One positive aspect of this conversation is the rising adoption of data governance (DG). In some sense, DG is deeply concerned with metadata management. It asks the fundamental questions of: “What data do we have?” “What is in it?” “How it is being used?” and “Is it being used properly?” Usually, the first step in implementing a DG program is acquiring and populating a data catalog and business glossary. But this is only the beginning. We are quickly moving toward the fulfillment of a prediction I heard in a presentation many years ago. The speaker predicted that in the future, there will be thousands, if not millions, of bytes of metadata associated with each byte of business operations data! We may not be there yet, but I see us clearly moving in that direction as we try to automate data operations through robust metadata. Beyond just technical descriptions of format, structure, and content of a data item, the associated metadata can include data quality measurements, data provenance, data ownership, digital rights, and many other important characteristics.

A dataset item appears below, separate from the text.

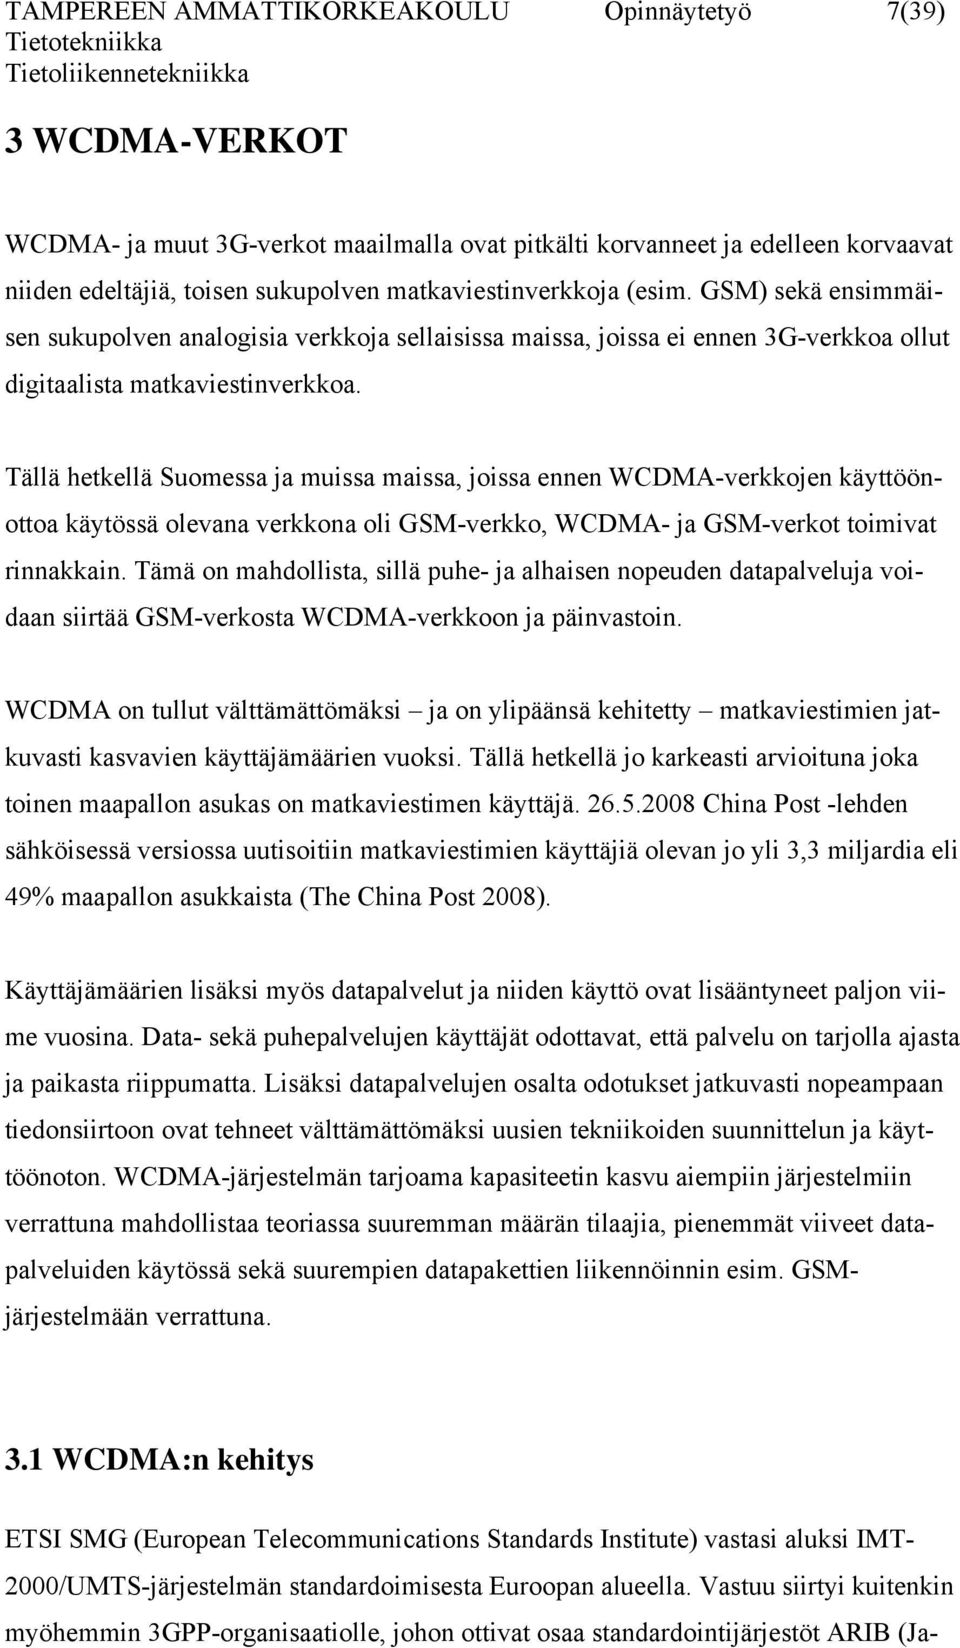 Tällä hetkellä Suomessa ja muissa maissa, joissa ennen WCDMA-verkkojen käyttöönottoa käytössä olevana verkkona oli GSM-verkko, WCDMA- ja GSM-verkot toimivat rinnakkain.

In the case of DQM, while I agree that many DG metrics are like DQ metrics, such as data catalog completeness and structure, my experience has been that DG quality metrics for metadata are not nearly as comprehensive as those for business operations data under DQM standards. Why should DG metadata have a special set aside and not be incorporated into routine DQM assessment? While DG sets standards for DQM, DG data seems to be exempt from these standards. It begs the question, why do we need separate DQ assessments for business operations data and DG metadata?
Like so many aspects of data management, this dichotomy between business operations data and metadata is a legacy of storage management. In the days when storage was a scarce and expensive resource, operational data had priority over metadata. As a result, metadata was often not documented, and if it was, it was usually quite terse and off-line in paper documents. Metadata was rarely in digital format, much less formulated as intelligent metadata that could guide and automate data operations. Believe me, I clearly remember when the data center at the university where I was working made the agonizing decision to pay the additional lease fees to upgrade its IBM System/3 from 24K core memory to 32K core memory. By the way, we discovered that the 32K was already in the machine, the conversion was just to enable the additional 8K by adding a jumper wire!

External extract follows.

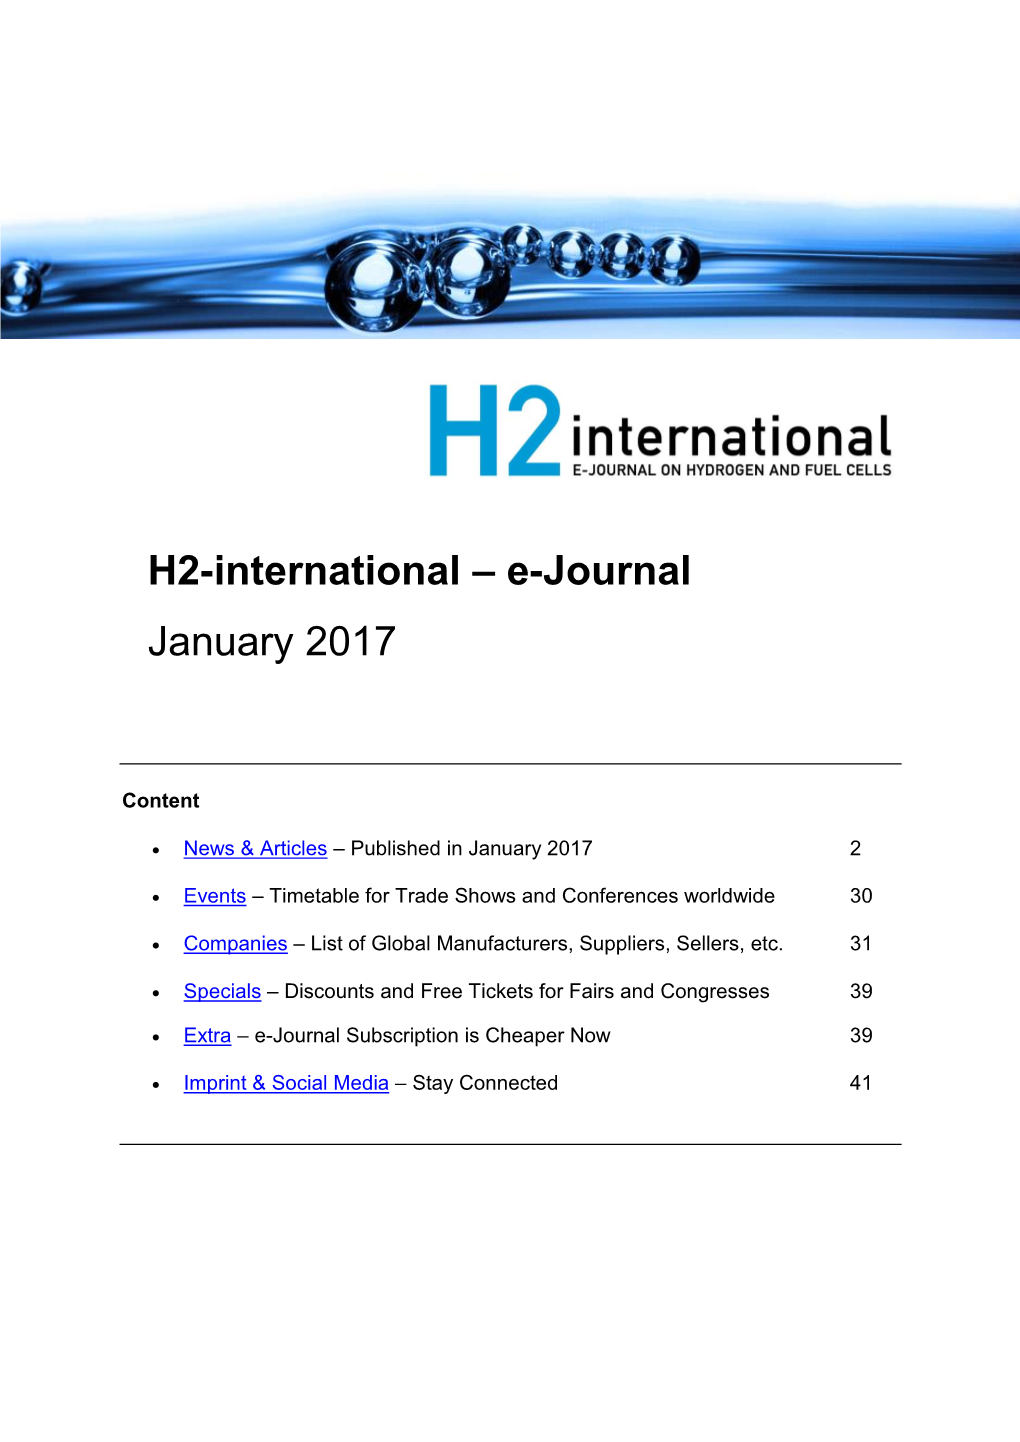 H2-International Januar 2017

While DG has clearly raised the visibility and importance of metadata, metadata has not yet achieved peer status with the business operations data that it describes. Most of the DG metadata standards I have had the opportunity to review mainly focus on the need to collect and store metadata, but lack specific requirements about its content, quality requirements and assessment, or its management. This contrasts with most DG data quality standards that go into great detail about mandating the development of data quality requirements framed in terms of specific data quality dimensions, defect reporting, collections, and remediation, data quality management processes, planning, documentation, training, continuous improvement, and other quality management practices.
Because of the legacy of prioritizing business operations data over metadata, I can see why DG programs see the need to call out metadata for special treatment. However, my hope is that eventually these will go away by simply increasing the scope of the data quality standard to specifically include metadata.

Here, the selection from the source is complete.